- **Description of the task**: Every line in the records below between the one holding "Hail & Grill!" and the one holding "#eatlocal #foodporn #metal", inclusive, is to be set down exactly; all other lines are to be left out.

- **Provided information**:
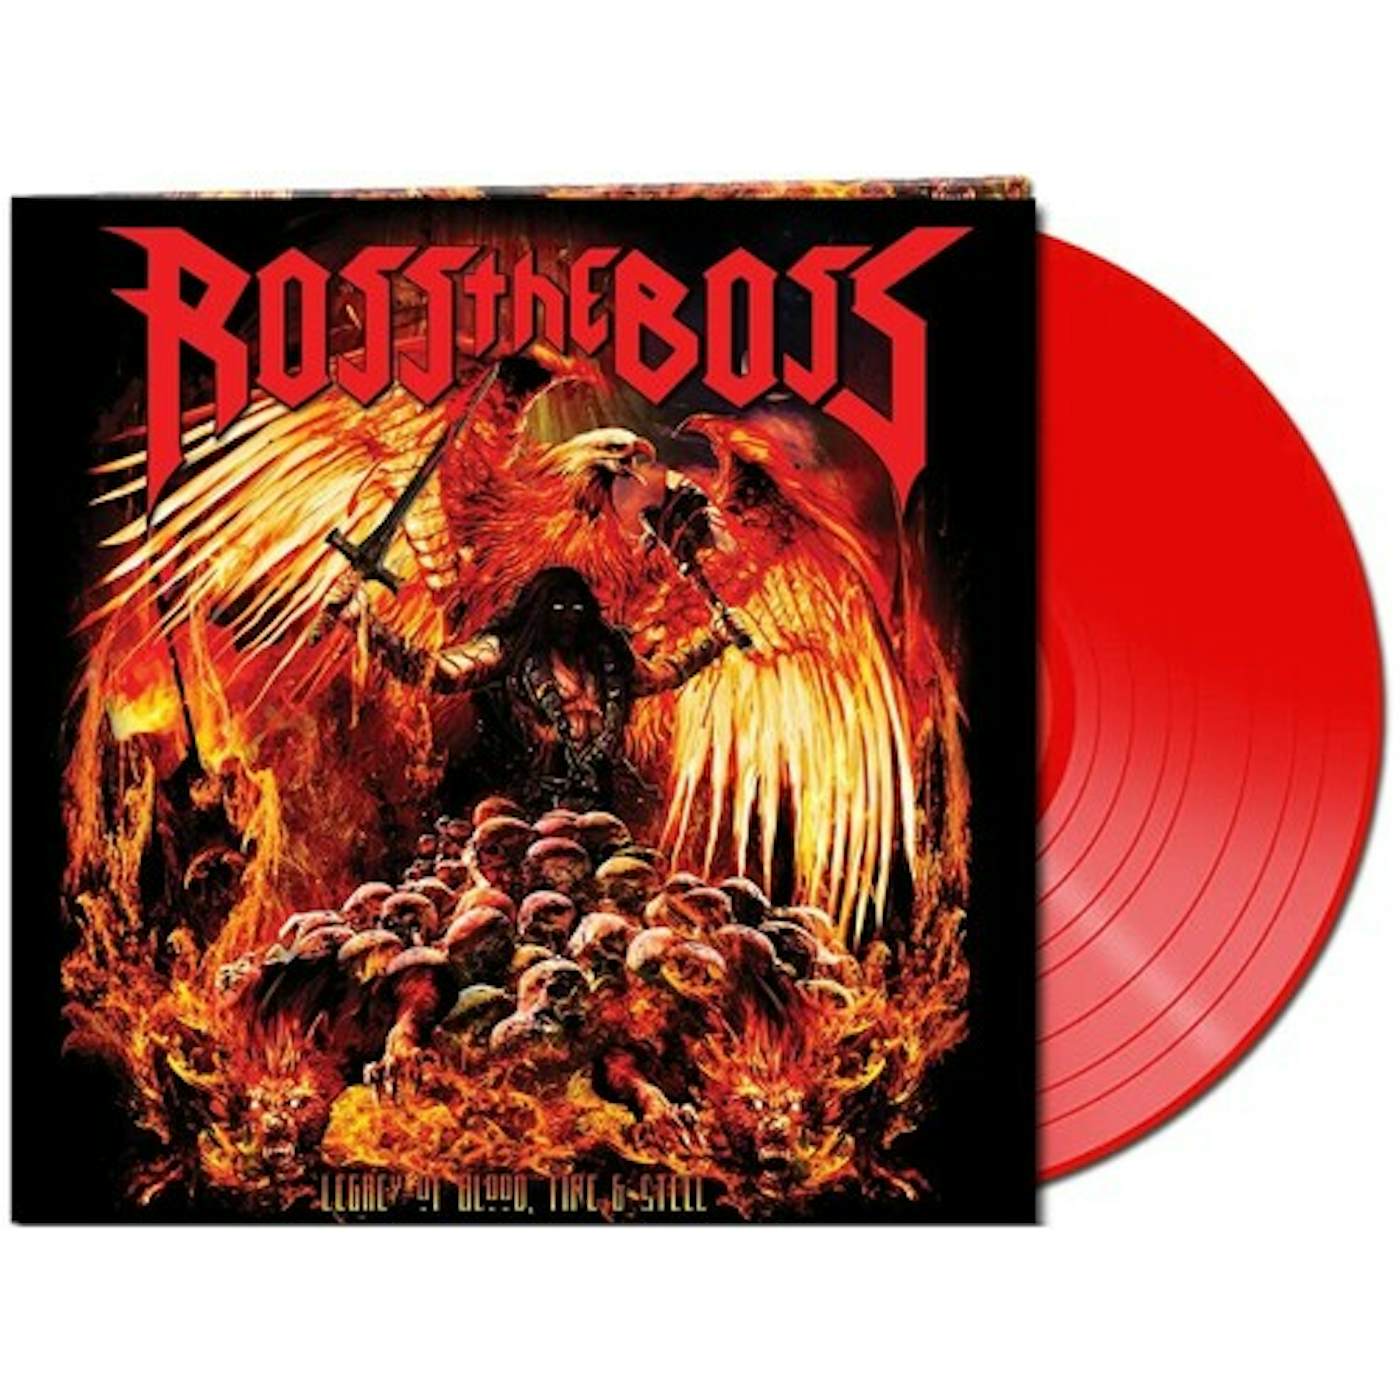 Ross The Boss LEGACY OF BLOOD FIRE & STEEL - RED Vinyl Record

==

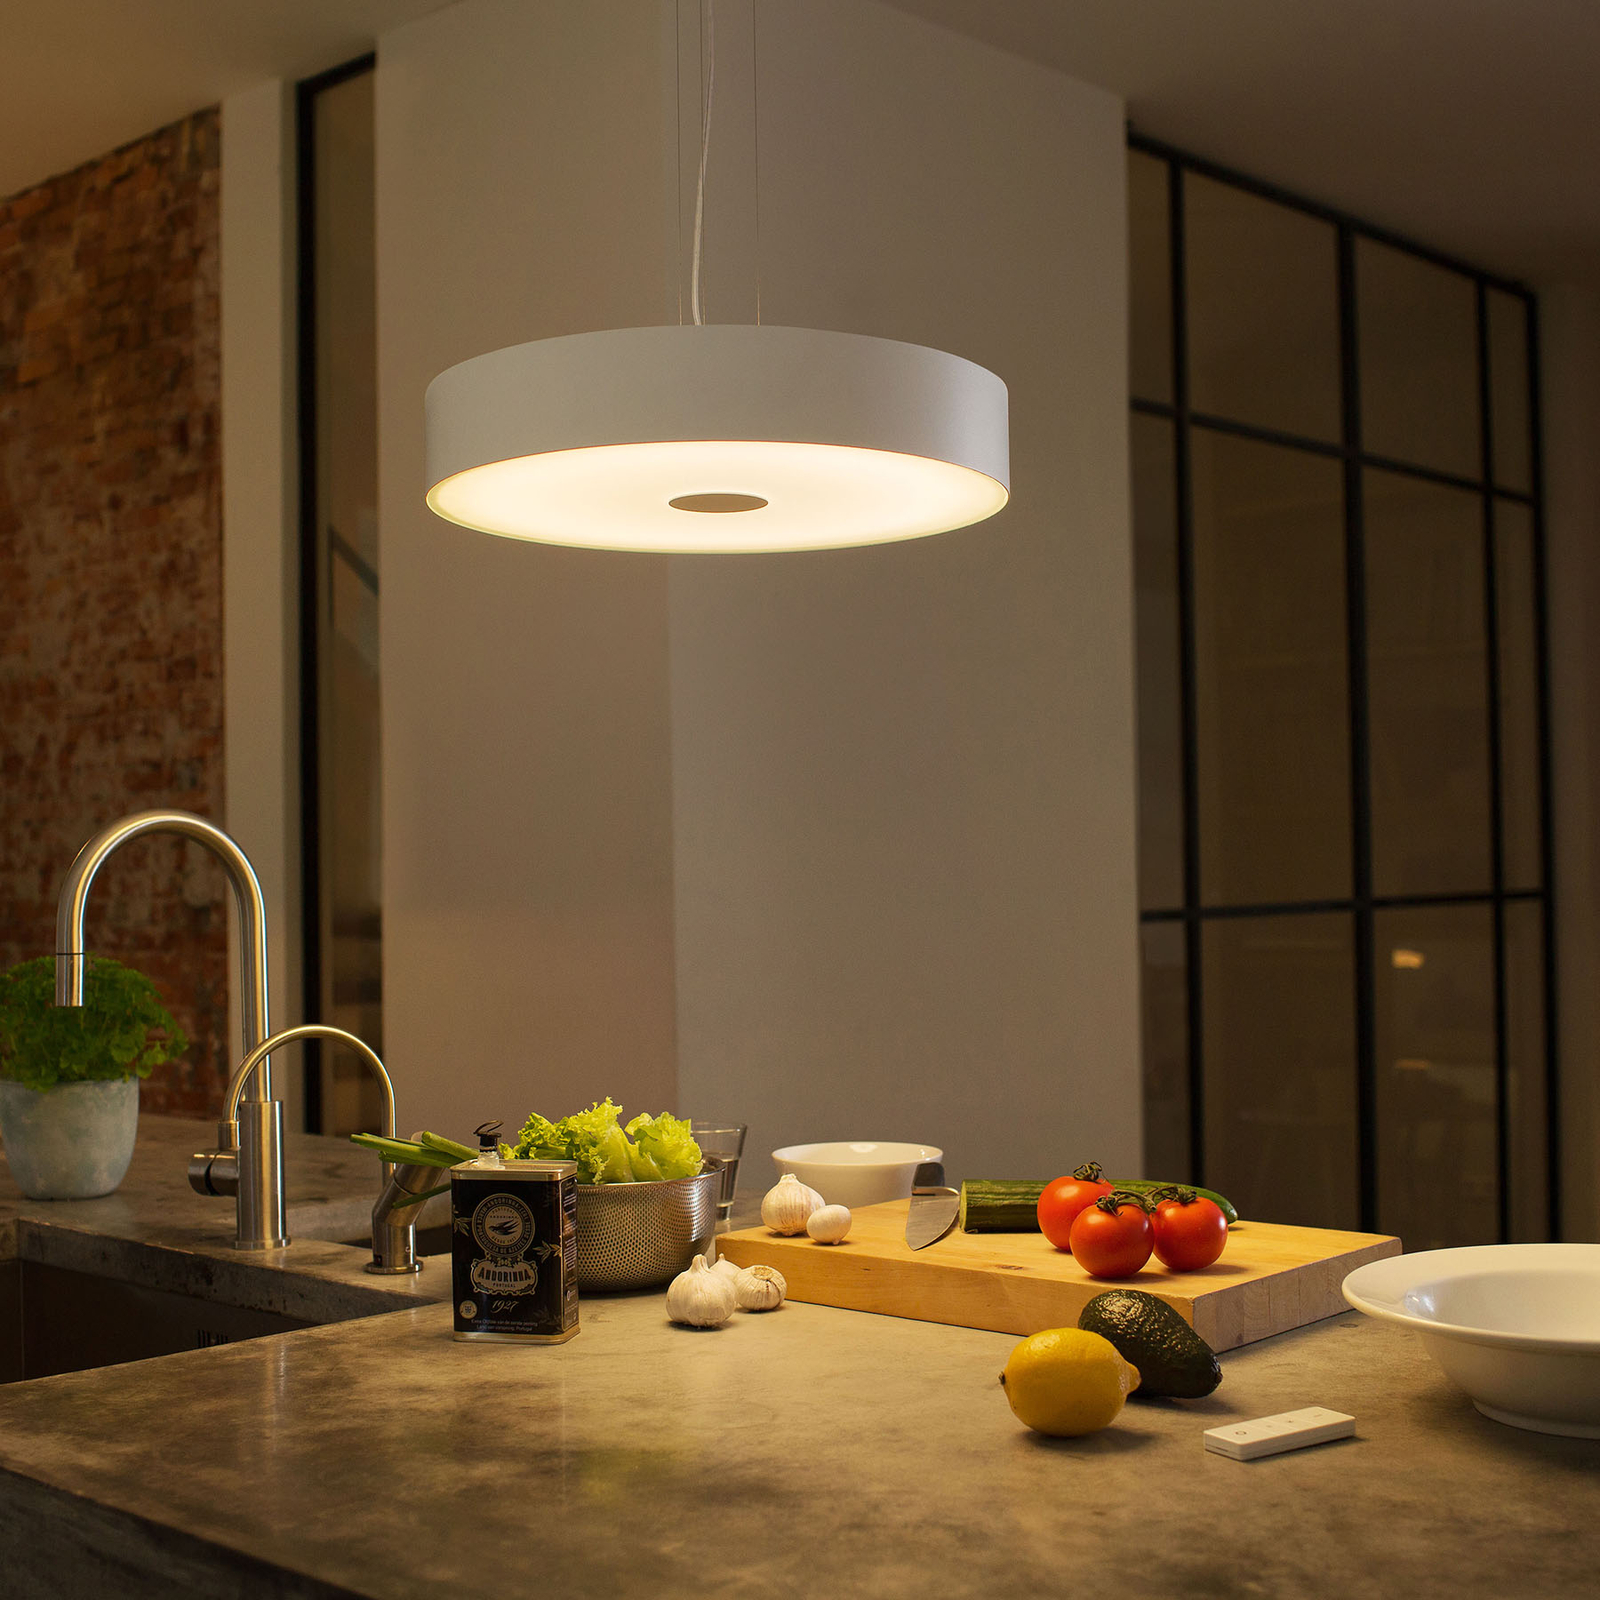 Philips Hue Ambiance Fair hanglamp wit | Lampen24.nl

==

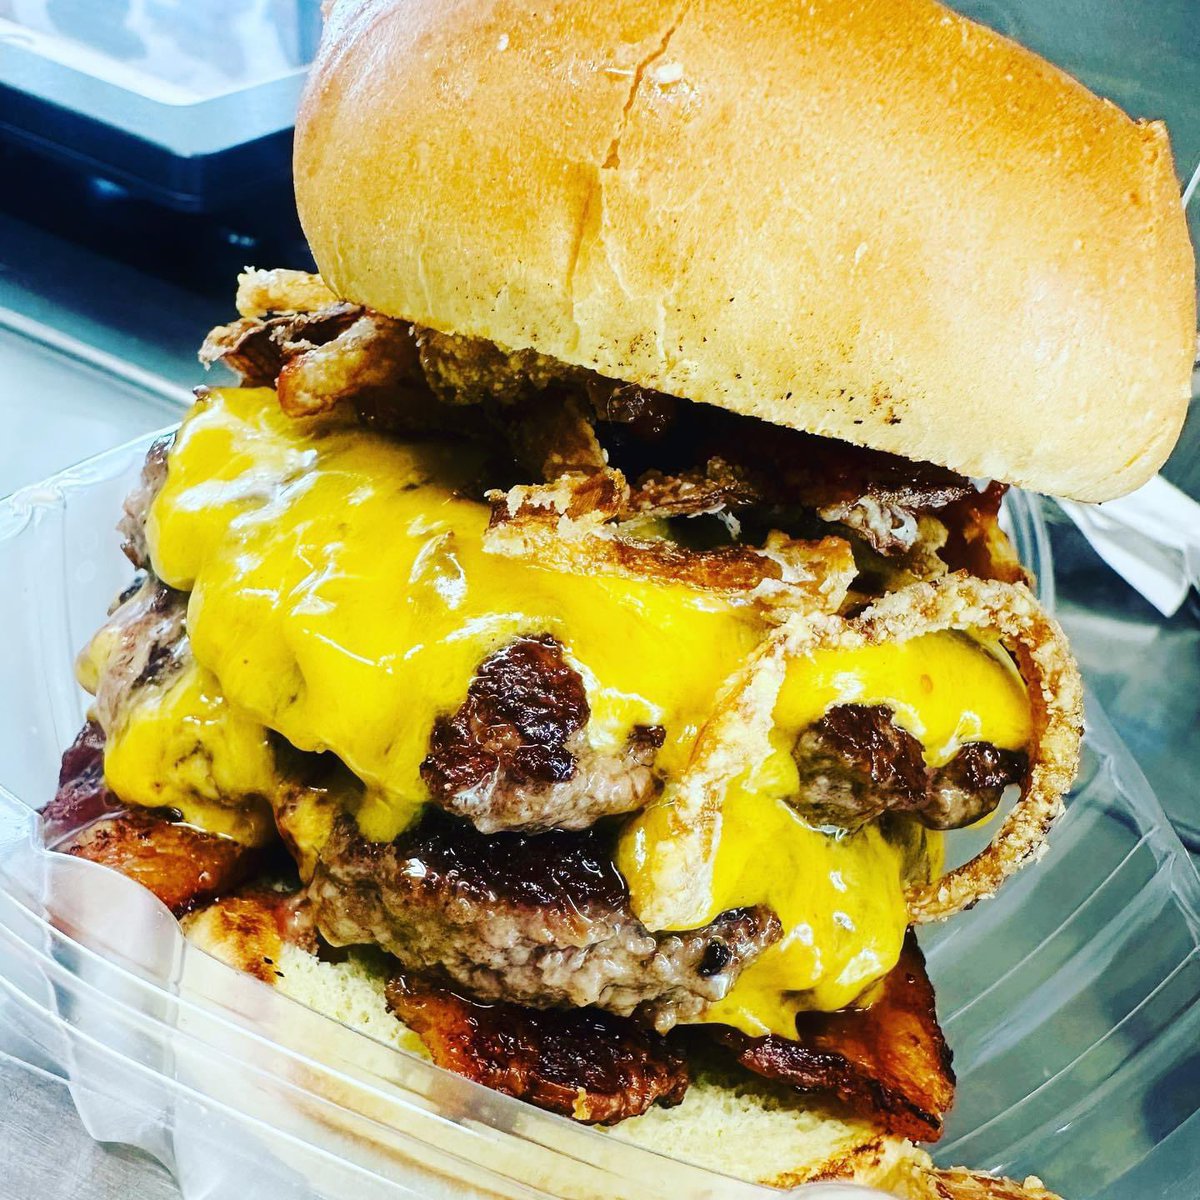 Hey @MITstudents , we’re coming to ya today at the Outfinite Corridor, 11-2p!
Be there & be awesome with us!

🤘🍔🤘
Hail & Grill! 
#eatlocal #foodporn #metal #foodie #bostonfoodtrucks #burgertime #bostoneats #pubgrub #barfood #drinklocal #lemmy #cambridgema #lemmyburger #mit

- **Task solution**:
Hail & Grill! 
#eatlocal #foodporn #metal #foodie #bostonfoodtrucks #burgertime #bostoneats #pubgrub #barfood #drinklocal #lemmy #cambridgema #lemmyburger #mit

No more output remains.